I find it really sad OP that this drama with your partner and his family must be affecting your pleasure in your new baby.
In fact they have caused problems for you ever since you knew you were pregnant.
I think it's quite obvious your partner doesn't see you as his primary relationship. He sees you as mother and carer for his child. I don't think that will change and you will continue to be hurt by his prioritising his relationship with his mother and his family. This planned holiday with her is just an example of that.
I think you should end the relationship and co parent with him.

vibratosprigato · 28/11/2024 08:37

Oh dear, this man is a total mummy's boy!

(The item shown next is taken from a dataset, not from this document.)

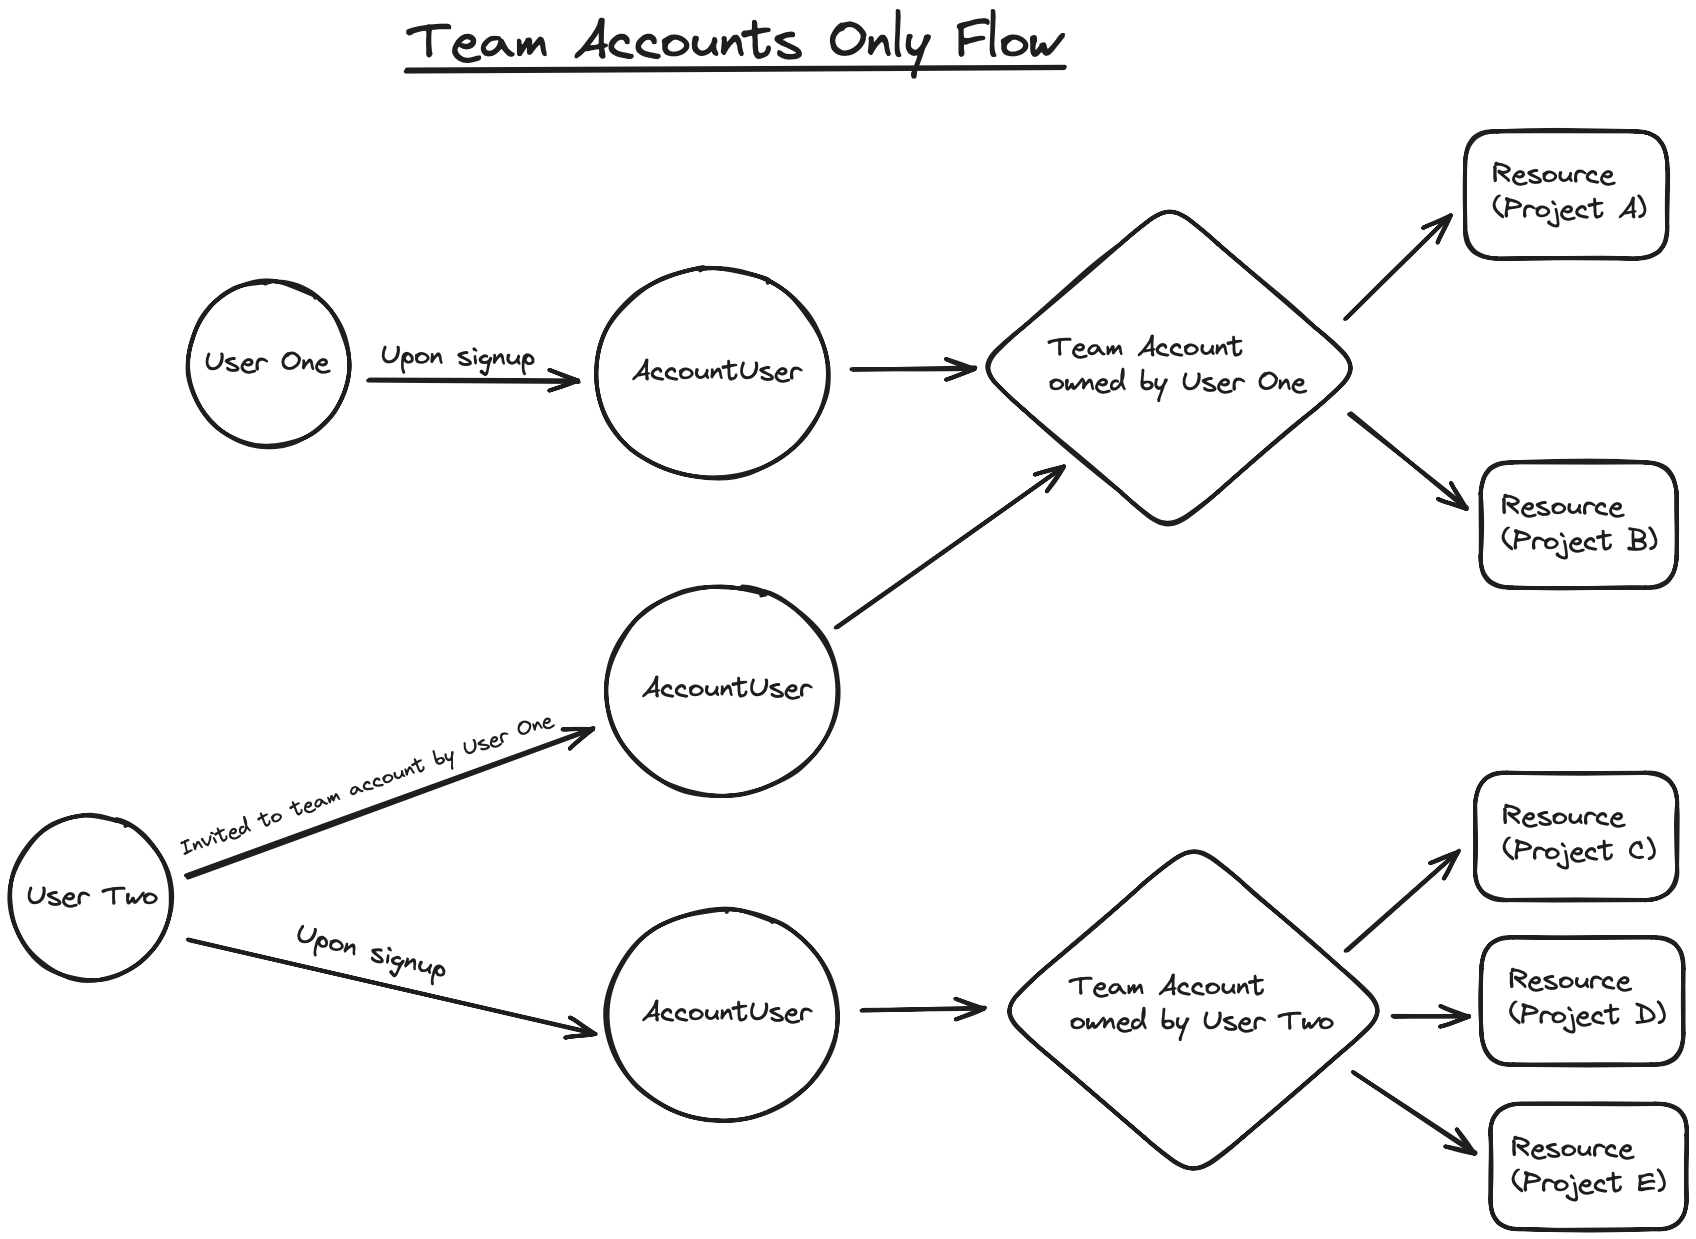 Diagram of team account only flow in Jumpstart Pro

He's an adult, so it's his fault, but really this is a result of his mother's selfish parenting and dependence on her son. My parents always told me that the most important job of a parent is teaching your children how to live without you. Some people don't do a very good job at that.

FWIW there's not a chance in hell my DH would be taking his mother away for a week holiday when our DC was 3 months, or otherwise. If we're using family money for a holiday, it's us that are going on that holiday. We might invite his mother (as we have done before as she is close to us) but I wouldn't be left at home managing without help so they can go off on their jollies, I'd think they were a right pair of jokers if they even suggested it! 😂

SallyWD · 28/11/2024 08:41

Jane159 · 28/11/2024 08:23

Mummies boys give me the absolute ick. She sounds like she's going to be a complete nightmare for the rest of her life tbh.

I hate this thing about mummy's boys and how women are so repulsed by them. I always hear people say they don't want sons because adult sons move away their families (emotionally) whereas a daughter will maintain strong bonds with her family. Yet if ever a man is close to his family (God forbid he's close to his mum) people sneer and deride him.
It's fine (good) that he's close to his mum. It's lovely that they're having a holiday. However, I agree that this particular man doesn't sound like a good partner to OP or a good father. This is a separate issue. A man can be a good and loyal husband and close to his mum. The two aren't mutually exclusive. My DH is a good example of someone who's a great husband and a great son to his mum.